Déficit visuel et réadaptation

par Denise Cugini

C’est sous cet intitulé à caractère « exhaustif » que s’est déroulé les 21,22 et 23 septembre 2011 le symposium de l’Association pour le Bien des Aveugles et malvoyants de Genève. Organisé dans l’auditoire Marcel Jenny des Hôpitaux Universitaires de Genève, autant d’aspects n’ont fait que démontrer que leur dénominateur commun était sans aucun doute l’individu au centre d’une collaboration interdisciplinaire.

C’est en lisant le programme du Symposium que je me suis aperçue de l’étendue des thèmes traités.
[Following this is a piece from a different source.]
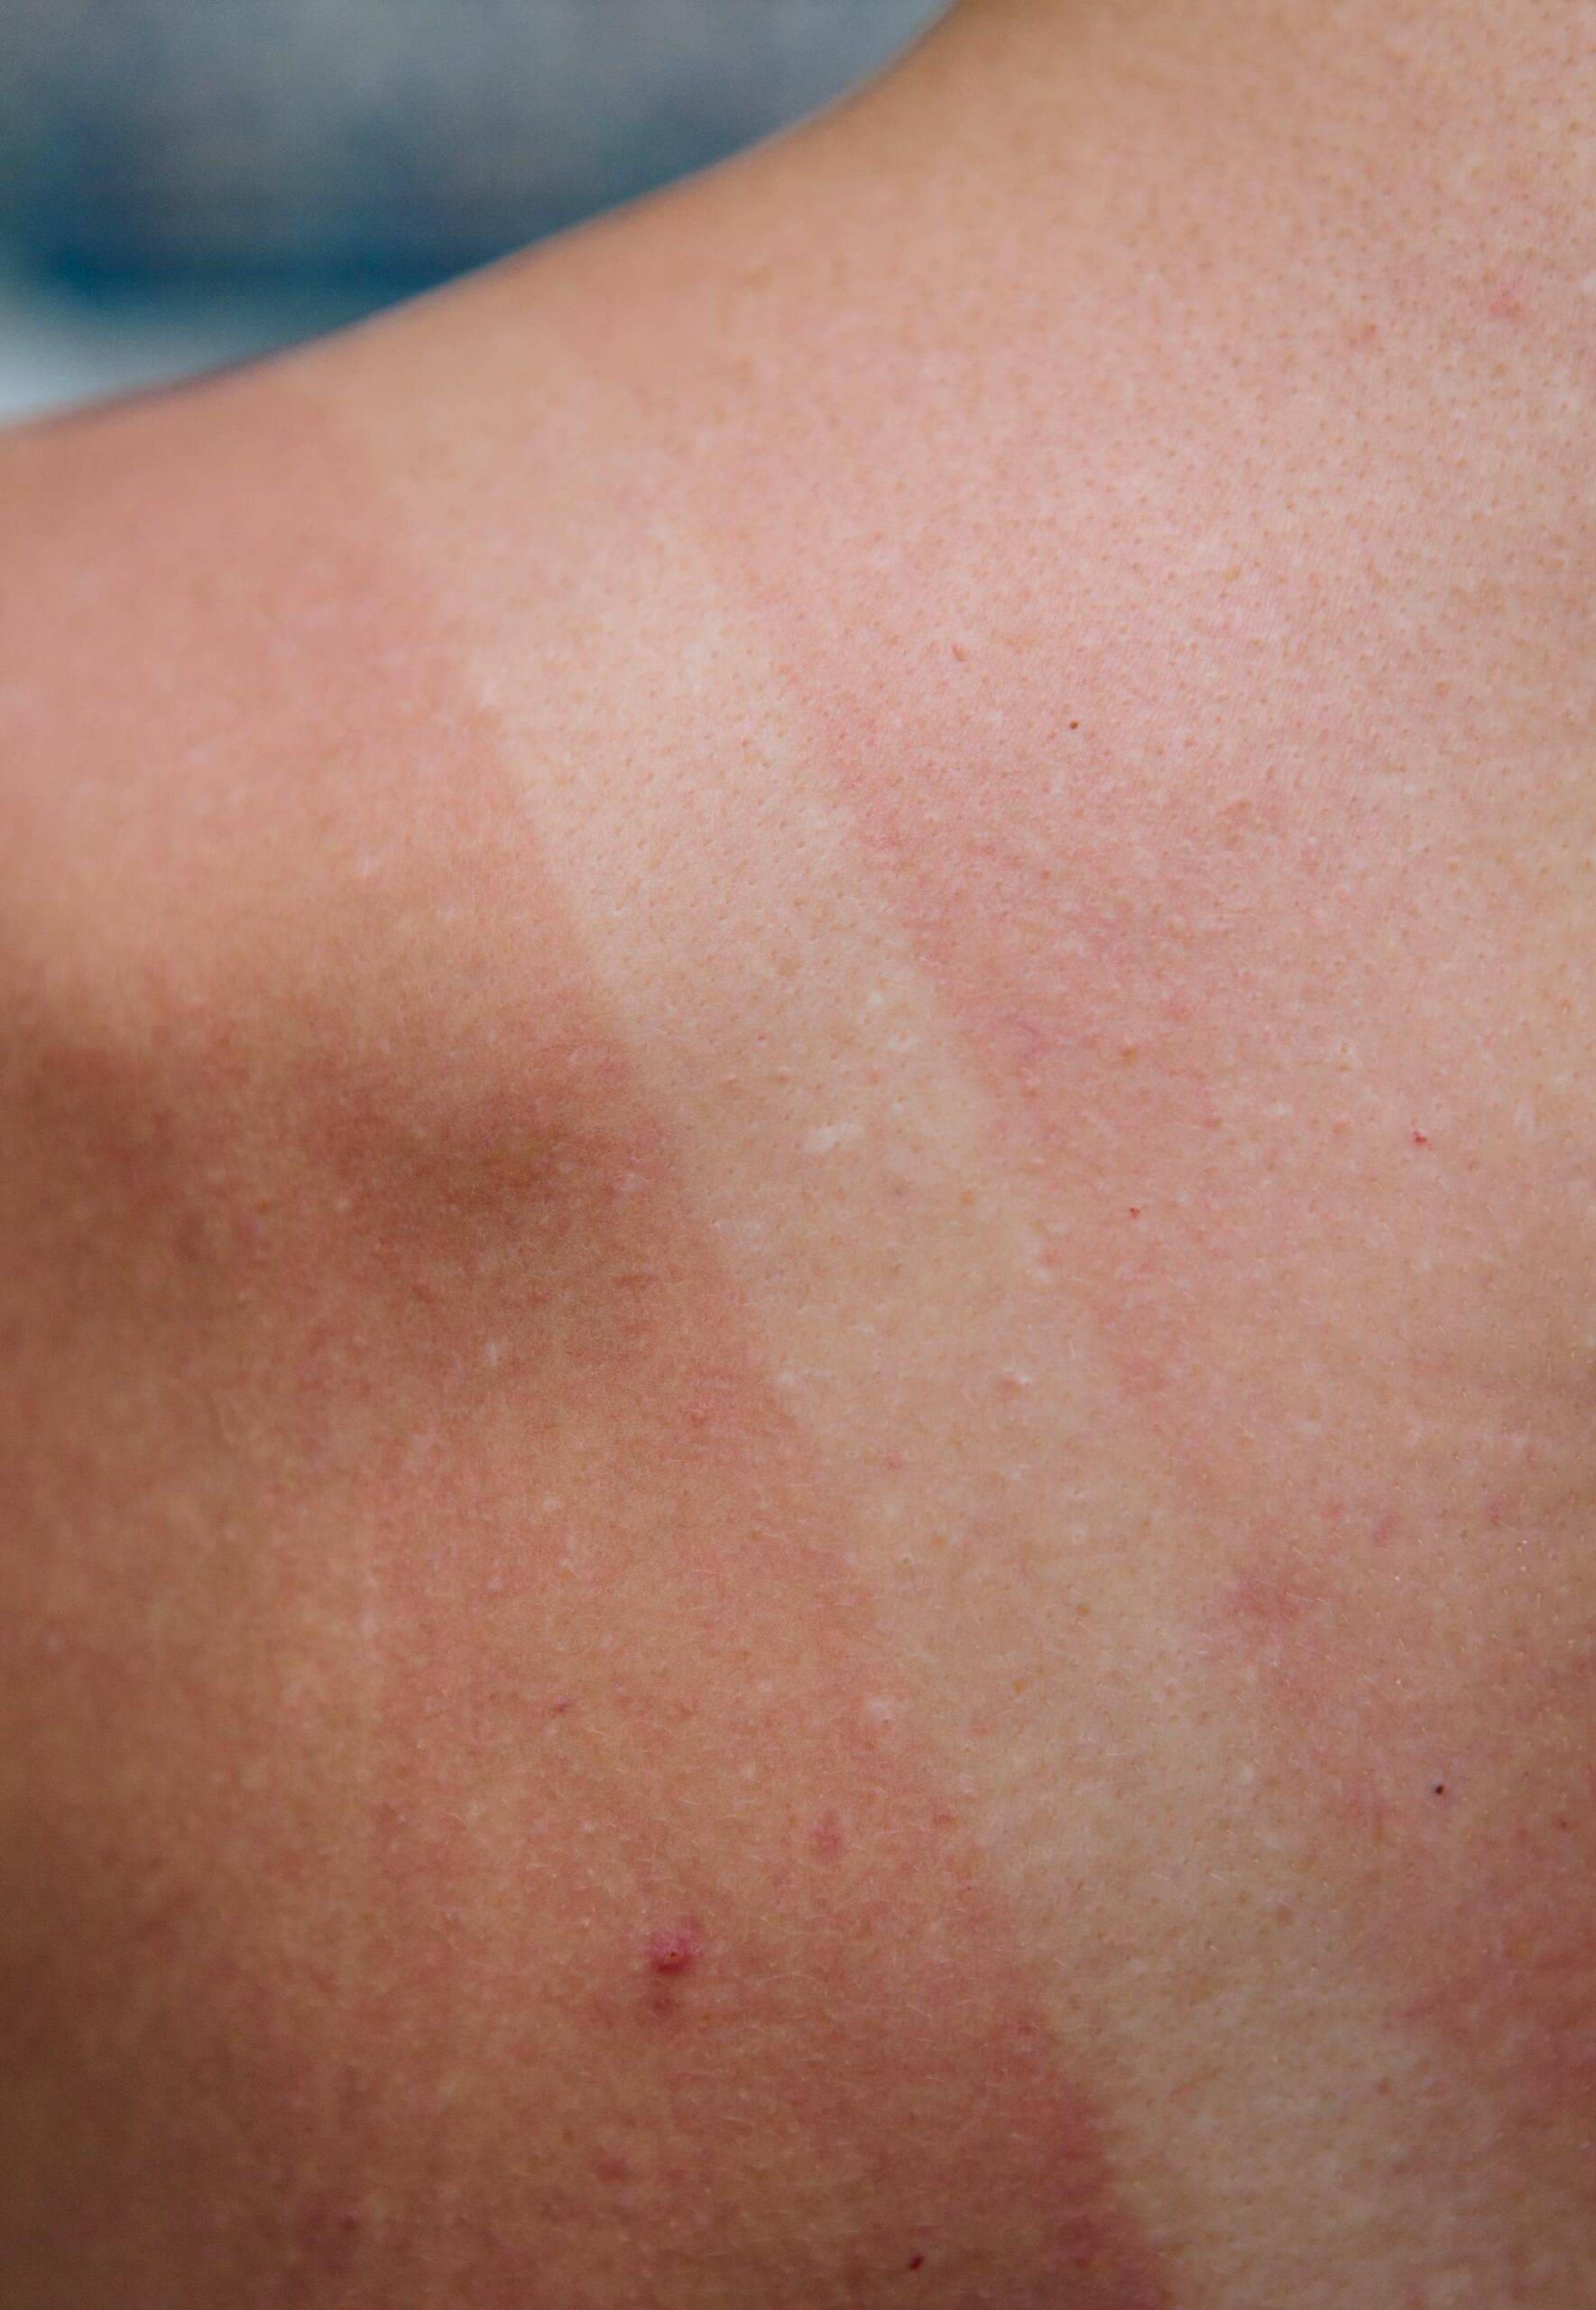 A womans sun burned back, showing the shape of her absent swimming costume, where she hasn't burnt. This is a real accidental incidence of sun burn on a fair skinned middle aged woman through excessive sun exposure.

Mais dès le premier jour axé sur des connaissances de base en réadaptation et sur les développements thérapeutiques, une constante s’est profilée : quelle que soit la profession de l’orateur ou le type de sujet exposé, qu’il soit aussi bien d’ordre plus technique, thérapeutique, qu’il  traite de l’assurance invalidité, le maitre mot est l’individu, le malade, le patient, la personne atteinte de cécité ou de malvoyance. Michel Matter, ophtalmologue, dans sa présentation intitulée « A quel moment commencer la réadaptation lors d’affections cécitantes évolutives » l’a très bien exprimé. En affirmant qu’il n’y a pas de moments idéal pour commencer la réadaptation, il a surtout insister que ce moment est celui où la personne concernée est prête. Il a également introduit l’autre constante, l’autre condition sine qua non pour une réadaptation optimale :  la collaboration entre les différents partenaires tels que le médecin, le professionnel en réadaptation, les professeurs, les employeurs, la famille proche et surtout la personne concernée. 

Les présentations du deuxième jour étaient plus axées sur les aspects sociologiques et psychologiques : l’orientation professionnelle, le polyhandicap, les autres « sens », les personnes âgées, la solitude, l’abandon  du domicile. Le maitre mot, ou plutôt les trois maitres mots du jour, ont été donnés par Stefan Spring dans son intervention après le film Deafblind Time sur la surdicécité acquise : communication, communication, communication !

Que dire des thèmes du vendredi concernant la haute technologie au service du malvoyant, les bibliothèques virtuelles, les déplacements dans les villes, les transports publics et toutes ses « aides » qui représentent également autant d’obstacles à franchir ? Que tout ceci n’est possible que si nous travaillons ensemble, en favorisant une intégration au quotidien pour que cette dernière devienne une évidence. Pour que ces symposiums puissent considérer ces thèmes comment de l’histoire et passer à un degré supérieur.

 

Quelques questions à André Assimacopoulos, président de l’UCBA et de l’ABA, coorganisateur du Symposium

Monsieur Assimacopoulos, un Symposium 10 ans après celui des 100 ans de l’ABA, juste une raison de célébrer les 110 ans ?

Les 110 ans étaient un prétexte raisonnable mais pas la vraie raison. Il y a eu ces dernières années de tels changements dans le domaine (nouvelles méthodes d’investigation, nouveaux traitements, nouvelles technologies, changements législatifs, etc.) qu’il devenait urgent de faire le point de situation. Ajoutez à cela que deux des trois coorganisateurs avaient pris leur retraite, ils avaient donc un plus de disponibilités pour une telle entreprise. Et voilà les conditions réunies pour démarrer.

Le thème du financement de l’AI est abordé en même temps que les bases thérapeutiques et optiques. Un hasard ?

La réadaptation est un tout. On ne peut pas traiter de l’apport des nouvelles thérapeutiques ou des nouveaux moyens auxiliaires sans les assureurs. Réciproquement, les nouvelles dispositions de l’AI nécessitent que les collaborateurs des Offices AI soient au fait des nouveautés pour les accorder à temps et à raison, que ce soit lors de l’intervention précoce ou de la réadaptation.

Le titre du symposium couvre de multiples aspects mais qu’en est-il de l’assurance maladie ?

Notre branche ne se perçoit pas encore comme une discipline de la réadaptation médicale. Alors forgeons l’image d’une réadaptation multidisciplinaire, avec ingénieurs, médecins, ergothérapeutes, assistants sociaux aux côté des personnes concernées. Renforçons l’image de notre professionnalisme. Attirons les ophtalmologues avec nous. Et c’est lorsque l’ensemble de la branche aura forgé sa nouvelle identité, que nous aurons pu quantifier notre apport à l’autonomie des personnes concernées, que nous serons en mesure de démontrer aux assureurs maladie la part de prise en charge des frais qui leur revient. C’est la raison d’avoir invité l’AI à ce symposium, mais pas encore les assureurs maladie.